Wed Dec 10, 2008 1:34 am

The good news is that Mikrotik have now confirmed the problem in an email to me and can create the same in their lab. So now we just need to wait for 3.18........

Until then its 3.10 for me:-)

Malcolm
 
User avatar
Equis
Forum Veteran
Forum Veteran
Posts: 888
Joined: Mon Jun 06, 2005 6:48 am

Re: 133c & v3.17/3.16/3.14 Firewall NAT Failure

Wed Dec 10, 2008 1:41 am

Thanks for that :-)

I use 3.11 and 3.13 to be stable
 
bradg
newbie
Posts: 42
Joined: Tue Feb 01, 2005 9:50 pm

Re: 133c & v3.17/3.16/3.14 Firewall NAT Failure

Wed Dec 10, 2008 8:23 am

We've run into this as well - the unit is associated, can be accessed from either wireless or ethernet, but absolutely no traffic passes through the NAT rule. All thus far have been RB133C units - we've not logged any calls from clients with RB411's.

My counterpart swears that rebooting the unit from the CLI works every time (warm boot), but power cycling it doesn't (cold boot). I also noticed on one unit that disabling the NAT rule and re-enabling it brought functionality back, so it would lend some credibility to the software race idea.

It's not happened often enough to crank off too many customers, but we've not been able to reproduce it on the bench either. But we did start getting calls about it after an upgrade of all clients from 3.9 to 3.15.

So, now that it's a confirmed issue, when can we expect 3.18? I'd rather not wait a month for a new release and have customers cranked off at us over a known and presumably fixable software bug.


Brad
The good news is that Mikrotik have now confirmed the problem in an email to me and can create the same in their lab. So now we just need to wait for 3.18........
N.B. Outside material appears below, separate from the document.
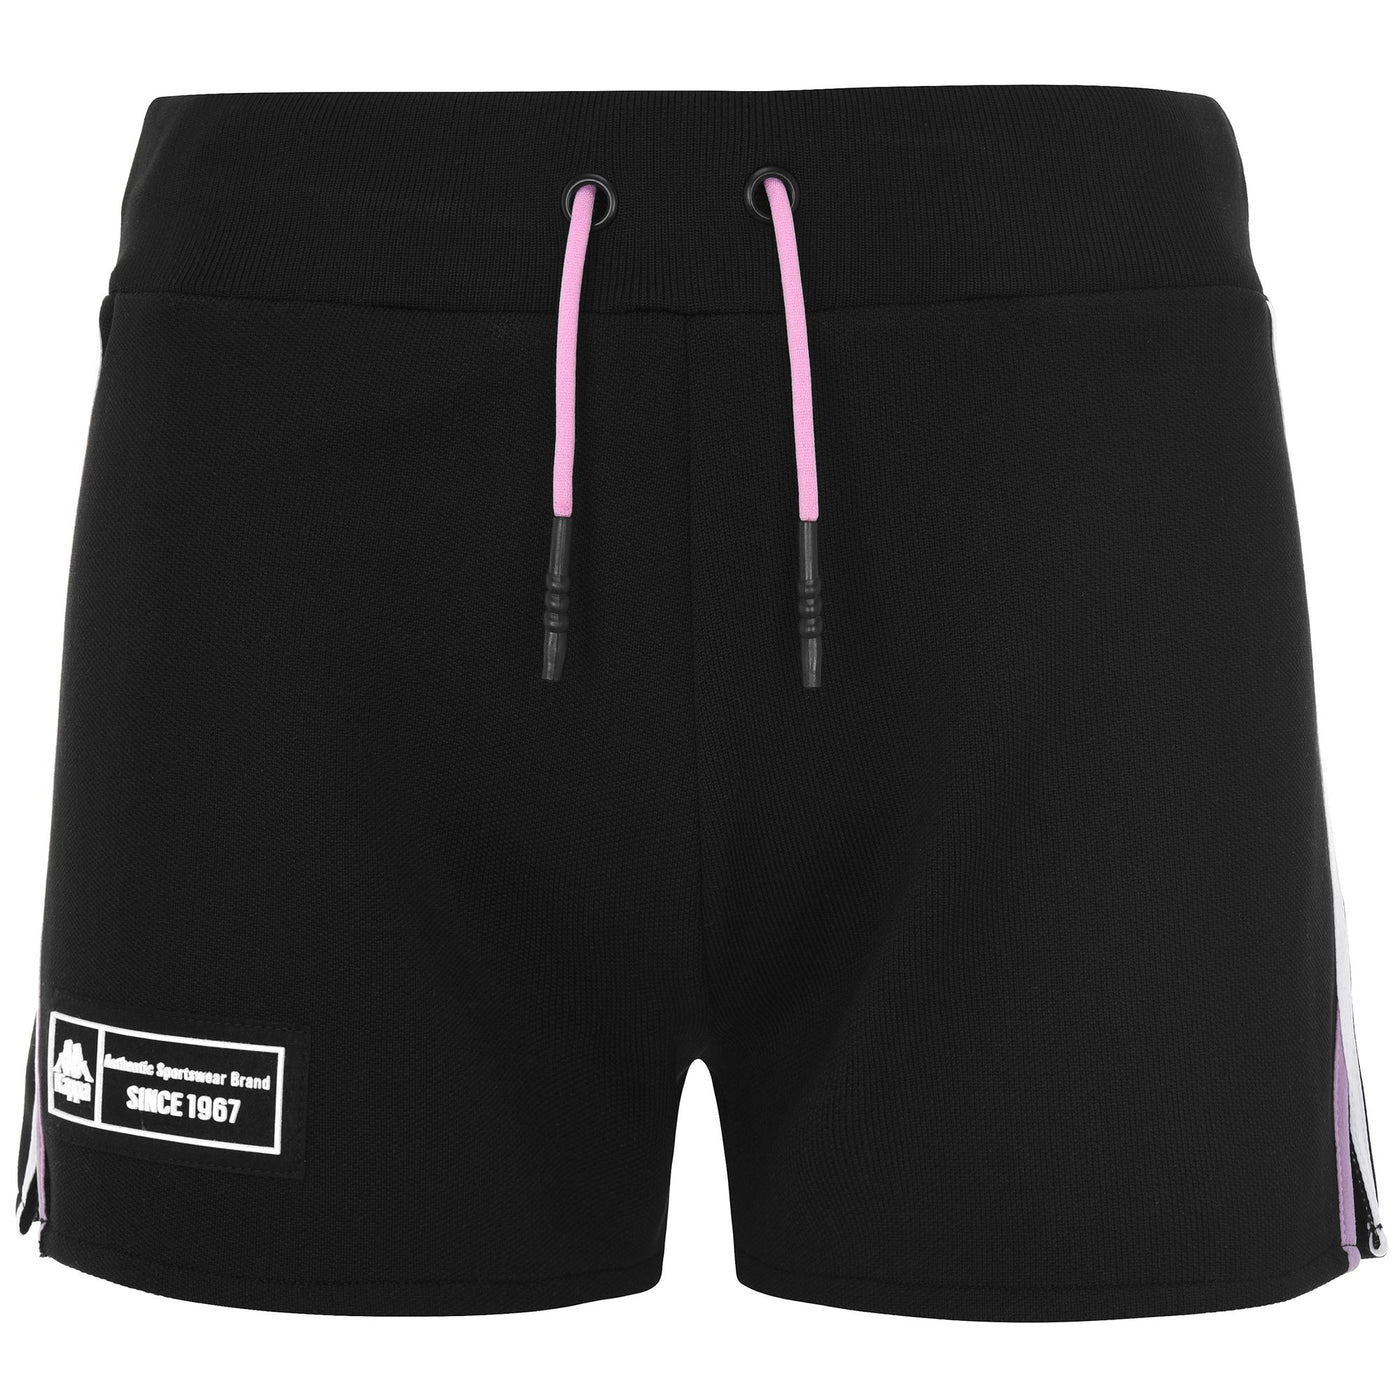 Shorts Woman AUTHENTIC TECH ZAVY Sport  Shorts BLACK - VIOLET LILLA - WHITE Photo (jpg Rgb)			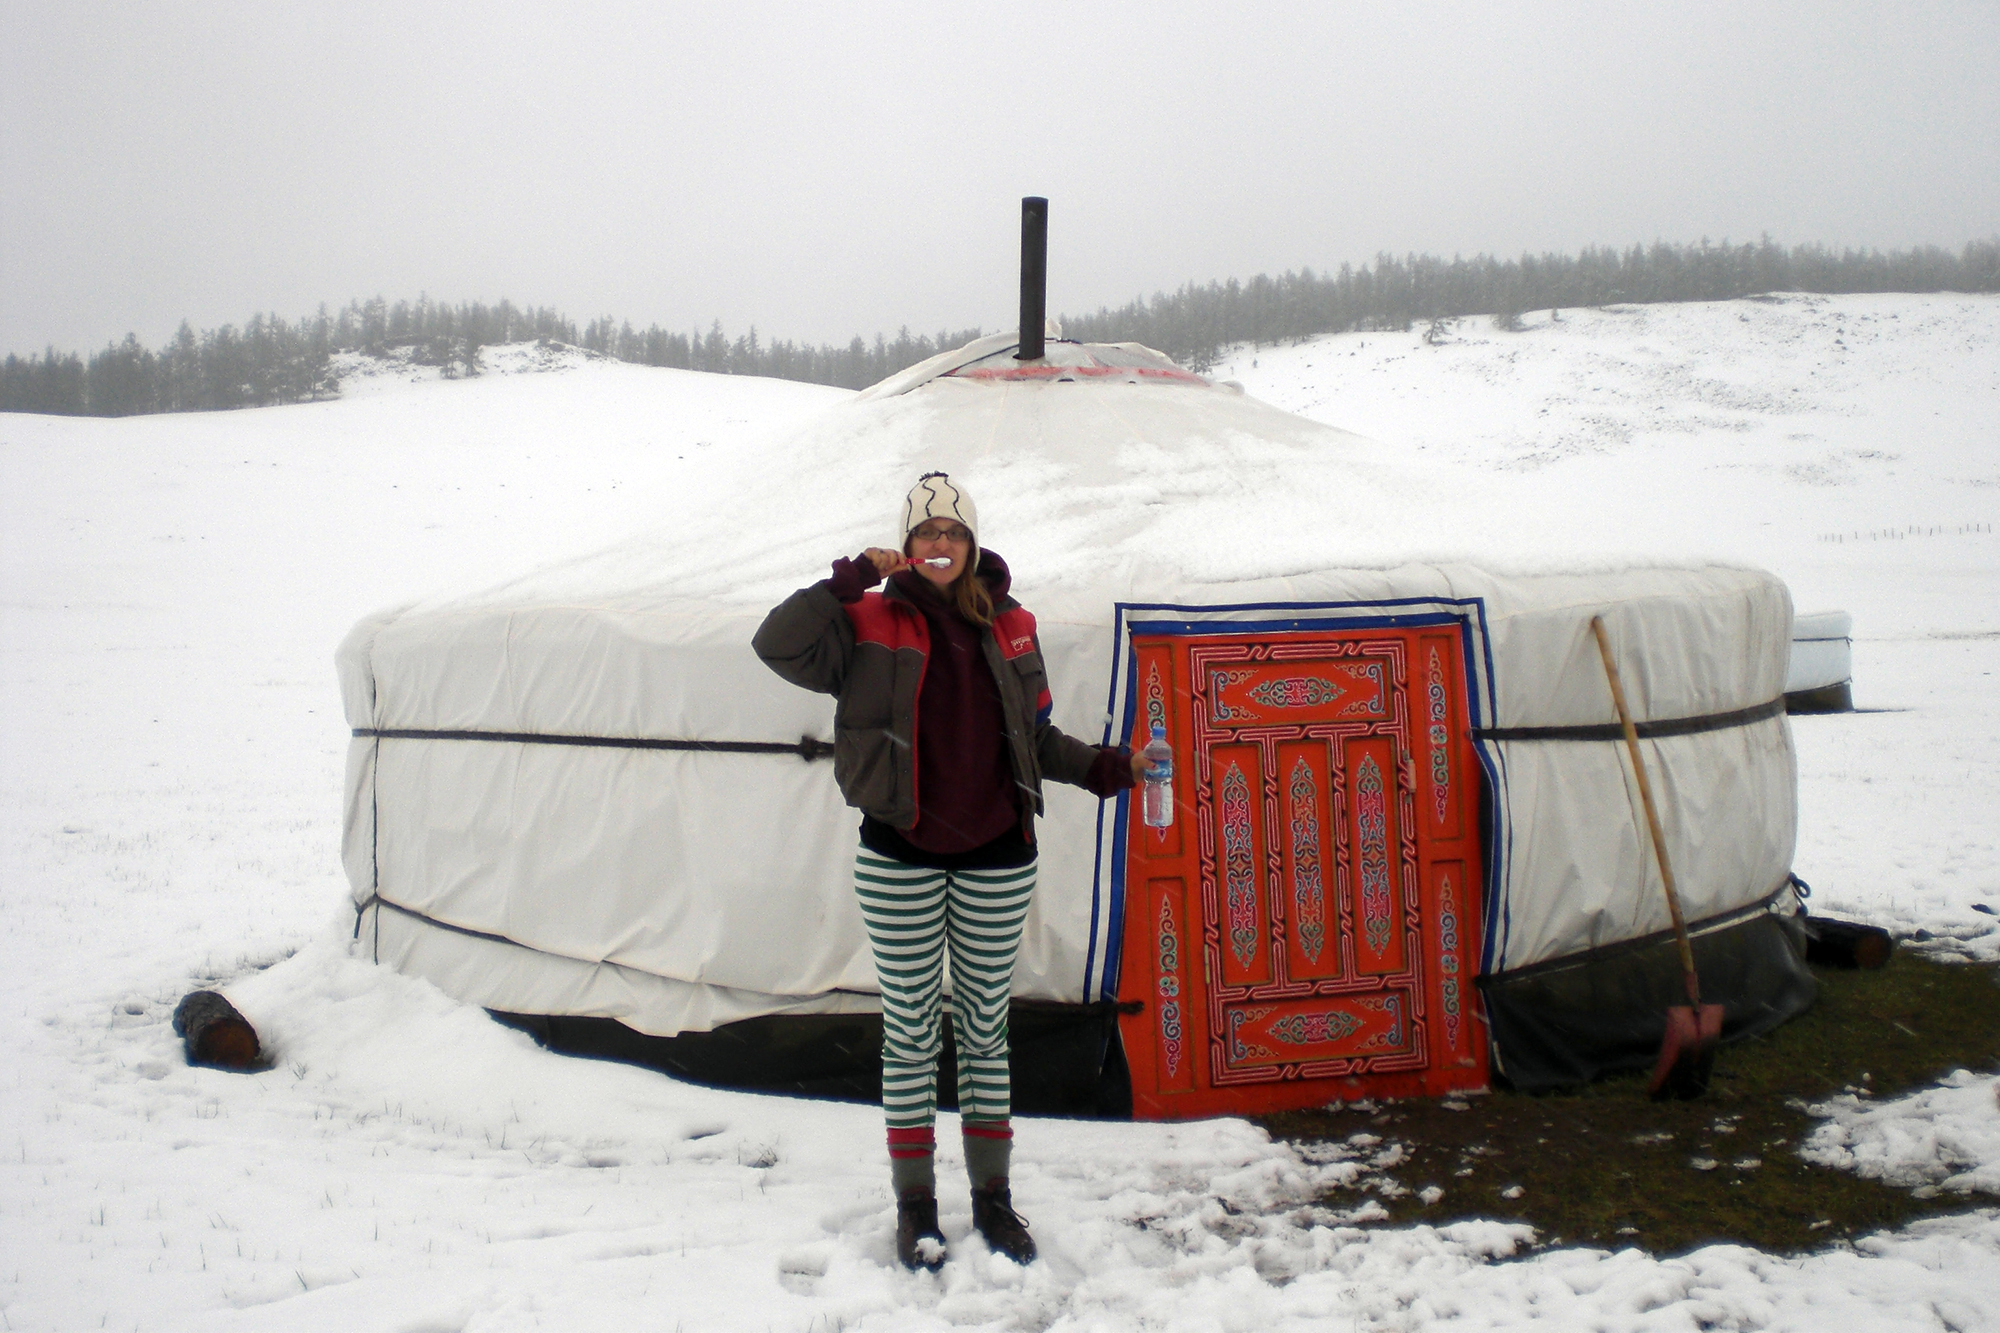 dzuds snowstorm with yurt

Until then its 3.10 for me:-)

Malcolm
 
mstead
Member Candidate
Member Candidate
Topic Author
Posts: 113
Joined: Sat Mar 04, 2006 2:41 am

Re: 133c & v3.17/3.16/3.14 Firewall NAT Failure

Fri Dec 12, 2008 4:59 am

This is how I am getting round the problem at the moment. These commands will keep rebooting the box until the firewall starts to work!!

/ip firewall filter add chain=input action=accept dst-address=127.0.0.1 comment="firewall-test-rule" place-before=0

/system script add name="check-firewall-script" policy=reboot,read,test source=":local bytes;\r\n/ping 127.0.0.1 count=1\r\n:delay 1s;\r\n:set bytes [/ip firewall filter get [find dst-address=\"127.0.0.1\"] bytes];\r\n:if (bytes < 1) do={\r\n/system reboot\r\n};"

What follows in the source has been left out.